Our results suggest that the performance of surgeons predictions is good, especially for surgeons working at some centers that showed an area under the ROC curve higher than 0.8. Some of these centers were also those with a lower proportion of surgical deaths and differ from the other centers in their characteristics. These differences among centers in predictive discrimination capability could be due to case-mix heterogeneity, but the most important risk factors seem to be captured by the statistical model. The existence of a more homogenous criterion among surgeons in some centers for assessing surgical risk can not be excluded. The possibility of a smaller number of surgeons and unequal experience or training among them could also contribute to the differences observed. However, our data show that a multivariate statistical model developed from extensive clinical experience can improve prognostic predictions of surgical mortality over those made by surgeons in most of the centers.
Several previous studies have compared diagnostic or short-term predictions made from computerized databases with those of expert clinicians in cardiovascular diseases [12]. Results differ widely because some studies found that physician predictions were comparable [13, 14], occasionally better [1], and frequently worse [15, 16] than such databases. The field of prediction technology has also experienced considerable growth and improvement [17]. Other studies have suggested that clinicians predictive ability may be enhanced through exposure to information, particularly in the case of younger or less experienced physicians [18]. The information provided by a predictive model may also be useful for allocating resources to more critical patients or assigning certain patients to clinicians more experienced in their special needs.
Ideally, experience and continuing practice should produce more accurate perception of risk and benefit. However, results are divergent in those studies that try to assess whether experience improves perceptions and, consequently, predictions [19]. However, the design of our study did not permit analysis of this factor.

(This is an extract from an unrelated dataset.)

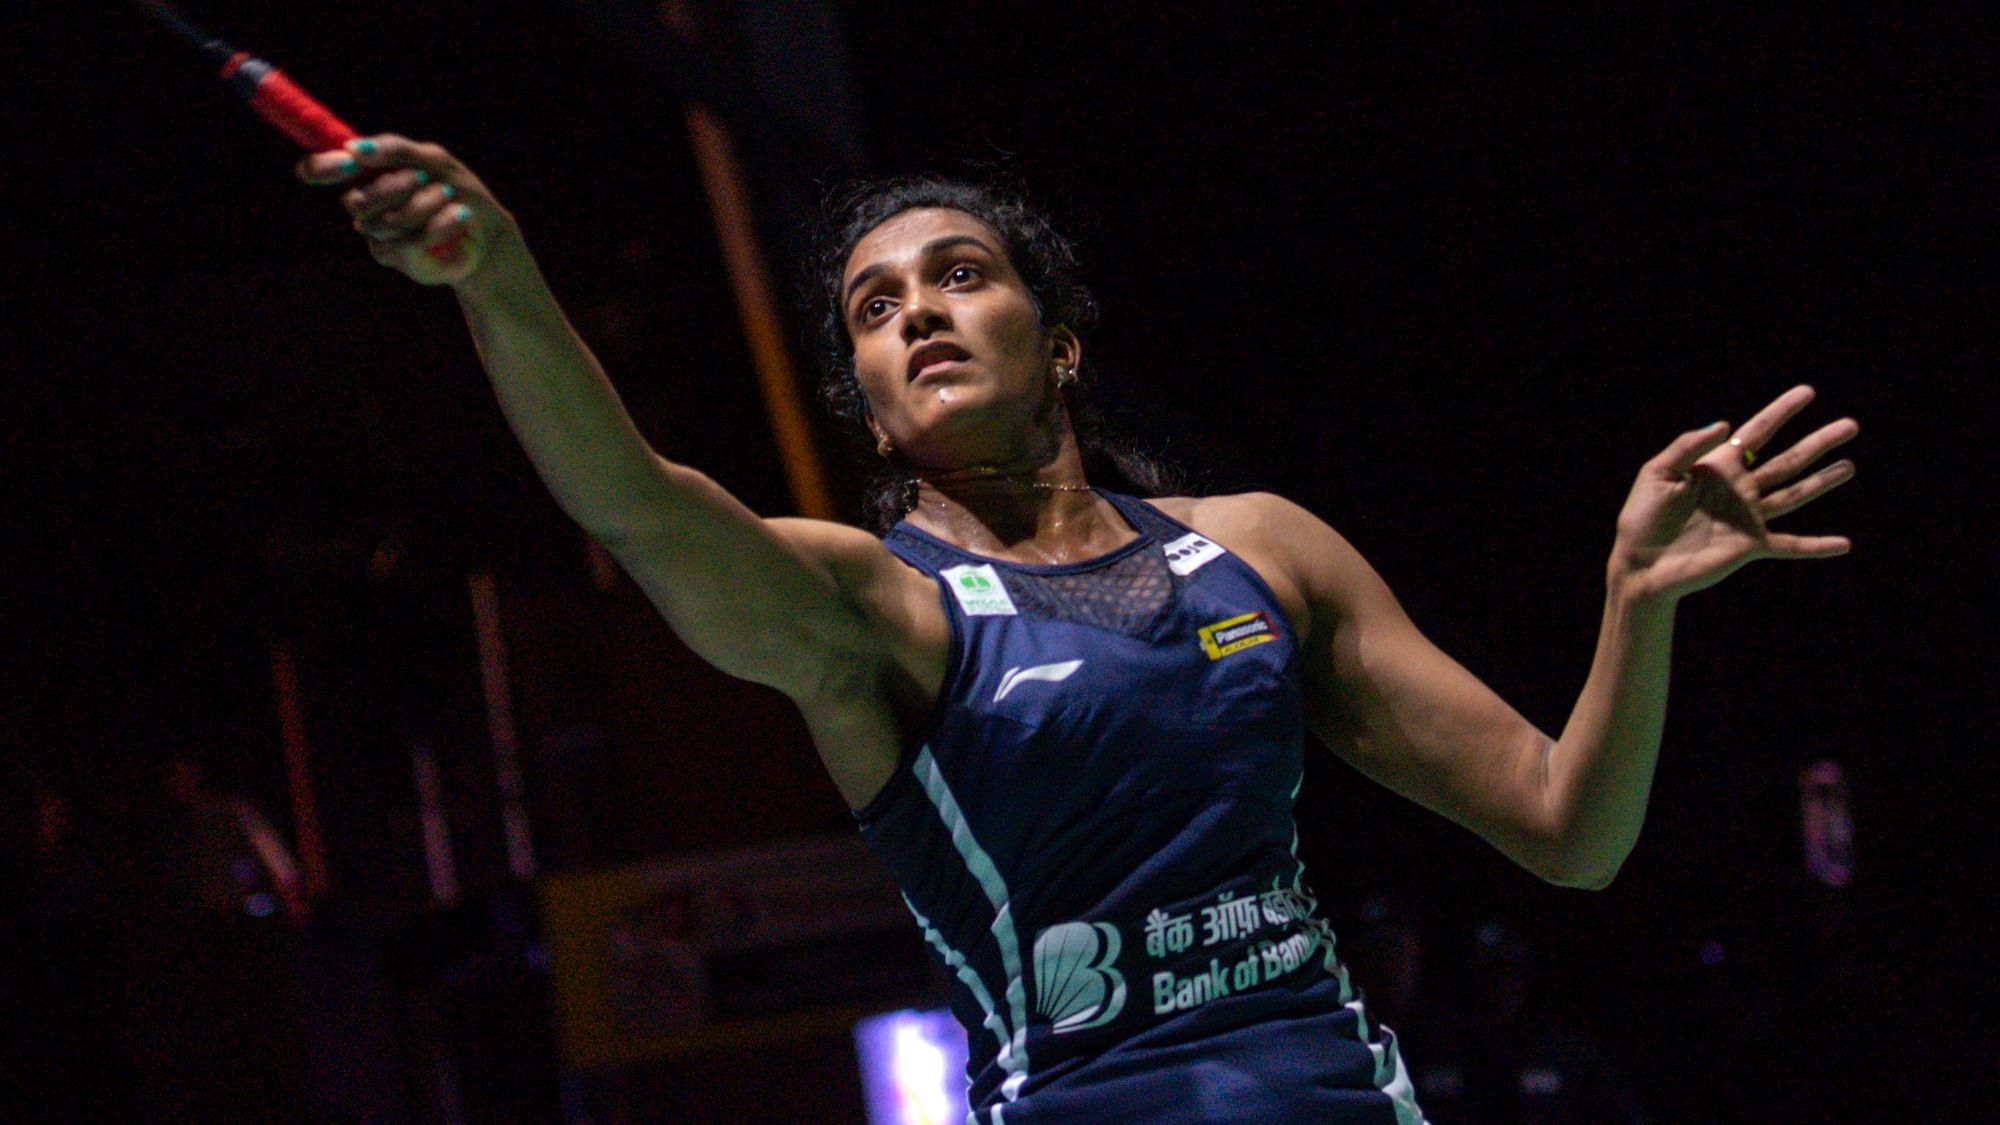 2019 BWF World Championships Live Streaming Online BWF Live PV Sindhu Final Telecast on Star Sports 1, Star Sports Select 2

Open heart surgical intervention remains one of the most complex and risky procedures in clinical medicine. Surgeons apply their personal experience and information from published reports to arrive at surgical recommendations. Surgeons recall of personal clinical experience is notoriously selective and is too heavily influenced by recent cases or particularly bad or good outcomes [3]. The phenomenon of subjective probabilities has been explained, in part, by the application of certain heuristic rules of reasoning that lead to systematic errors or biases, as in judging an event more probable if instances of its occurrence are more easily recalled [20].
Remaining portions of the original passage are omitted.